Train your board, management, employees, and any third parties who distribute your products on FCPA rules and obligations. Make sure to familiarize your managers and employees with the actual corruption risks in your industry, the countries where you do business and your business model. These employees should be able to recognize red flags for corruption and understand their reporting obligations.
Contracts and Due Diligence
Perhaps the most important part of FCPA compliance is a thorough due diligence process when contracting with any third party, especially those abroad. You need to consider what risks you will take on in terms of FCPA compliance issues in partnering with these companies and individuals and do what you can to minimize risks. In particular, all international contracts must contain clear FCPA terms that are non-negotiable. Hold these parties responsible for violations and make a breach of such terms a fundamental breach subject to termination. This sets the tone of the relationship and clarifies the importance of compliance.
The cost of developing a FCPA compliance program or representing you during an SEC or DOJ investigation can vary depending on your needs. Hourly rates for securities lawyers with FCPA experience start around $200 per hour. In order to get a better sense of cost for your particular situation, put in a request to schedule a complimentary consultation and free price quote from one of our lawyers.

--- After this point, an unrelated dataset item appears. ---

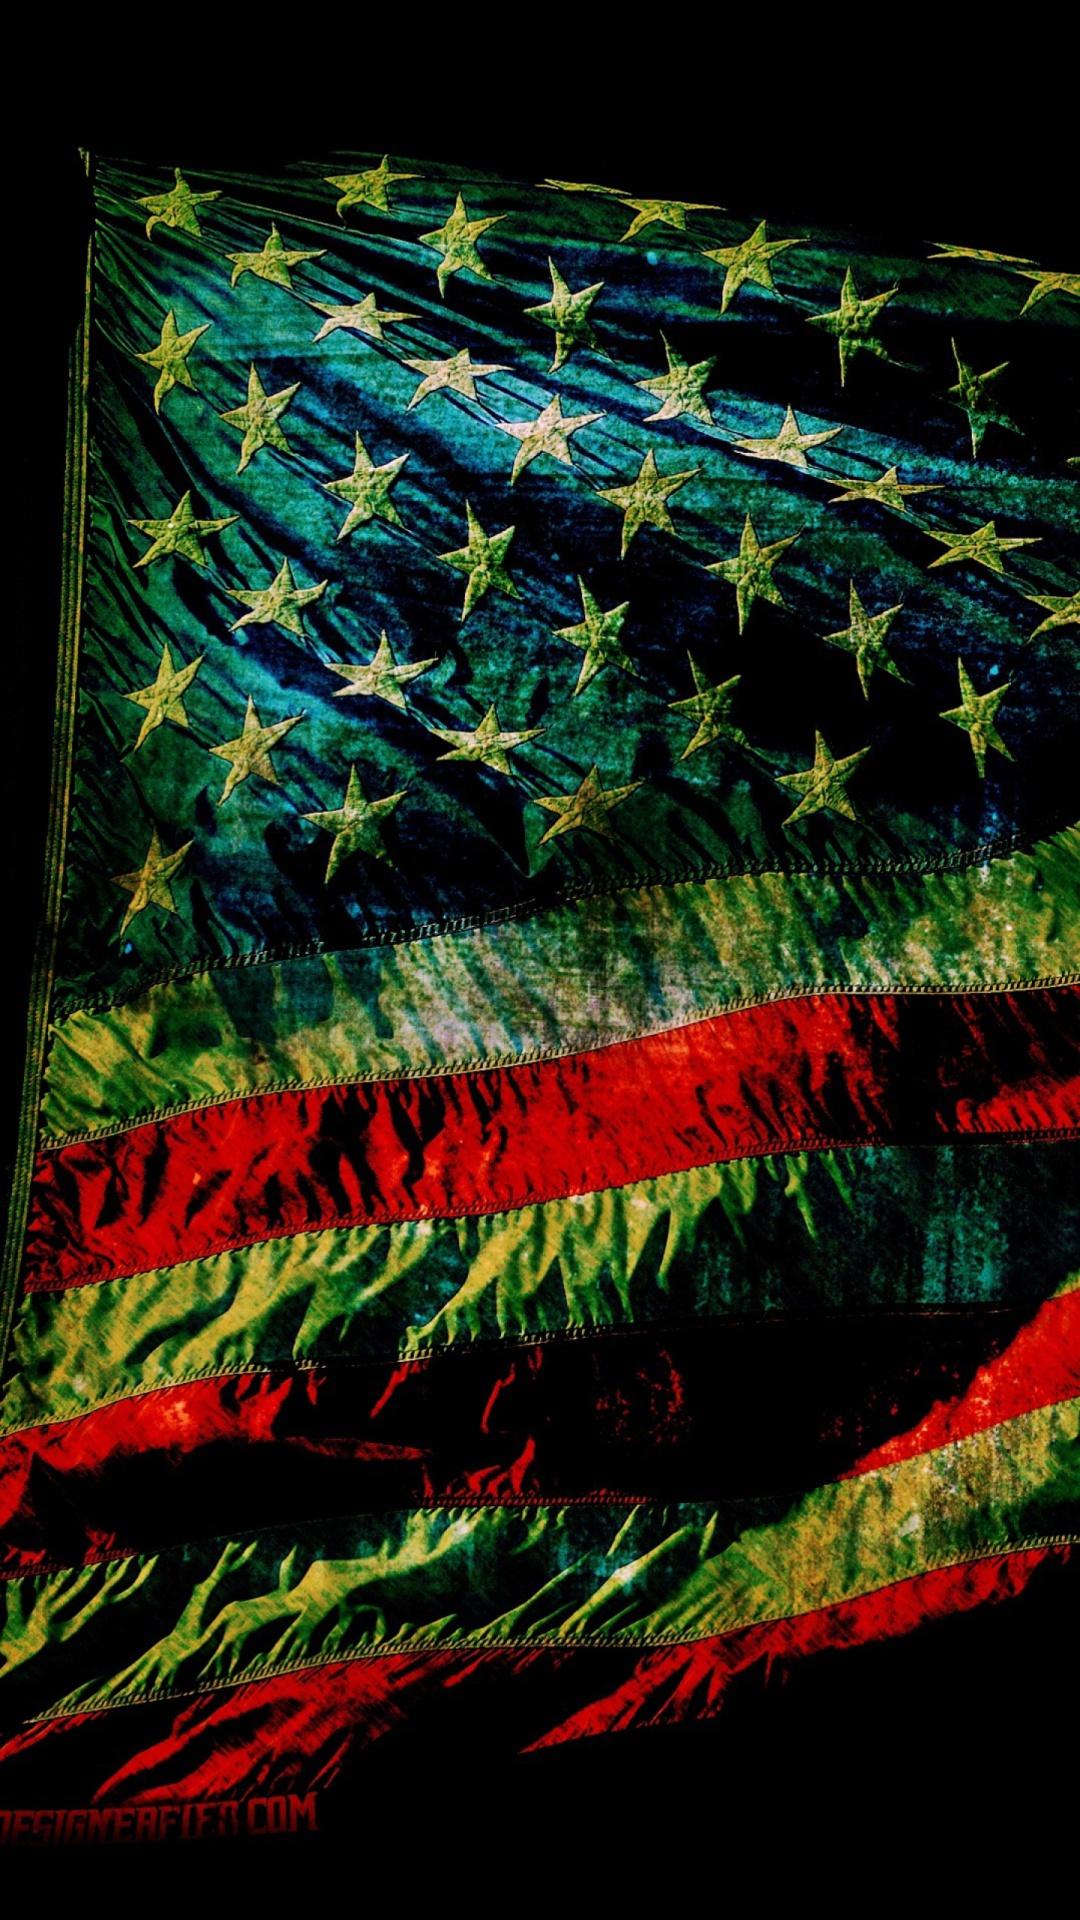 Inspirational Quotes Wallpaper Desktop American Flag Hd Iphone Wallpapers Pixelstalk Net

Who is considered a foreign government official under the FCPA?
The definition of a foreign official under the FCPA is incredibly broad. The statute defines a foreign official as “any officer or employee of a foreign government or any department, agency, or instrumentality thereof, or of a public international organization, or any person acting in an official capacity for or on behalf of any such government or department, agency, or instrumentality, or for or on behalf of any such public international organization.” This has been interpreted to mean any official or employee in any way associated with the government, its departments, contractors and even in some cases, employees of state-owned enterprises. Generally, it is best to err on the side of caution when dealing with individuals abroad.
What is the facilitating payments exemption?
Under the facilitating payments exemption, the FCPA does not punish so-called facilitating payments or grease payments. Such payments are paid to a foreign official, political party, or party official to ensure that "routine governmental actions” that they are already obligated to perform happen in a timely manner. This includes actions such as processing papers, issuing permits, and other non-discretionary actions of an official. It's important to note that this is interpreted very narrowly. Also, such payments must be properly reported or your company risks a citation for violating the accounting provisions of the FCPA. Many companies, therefore, ban these outright.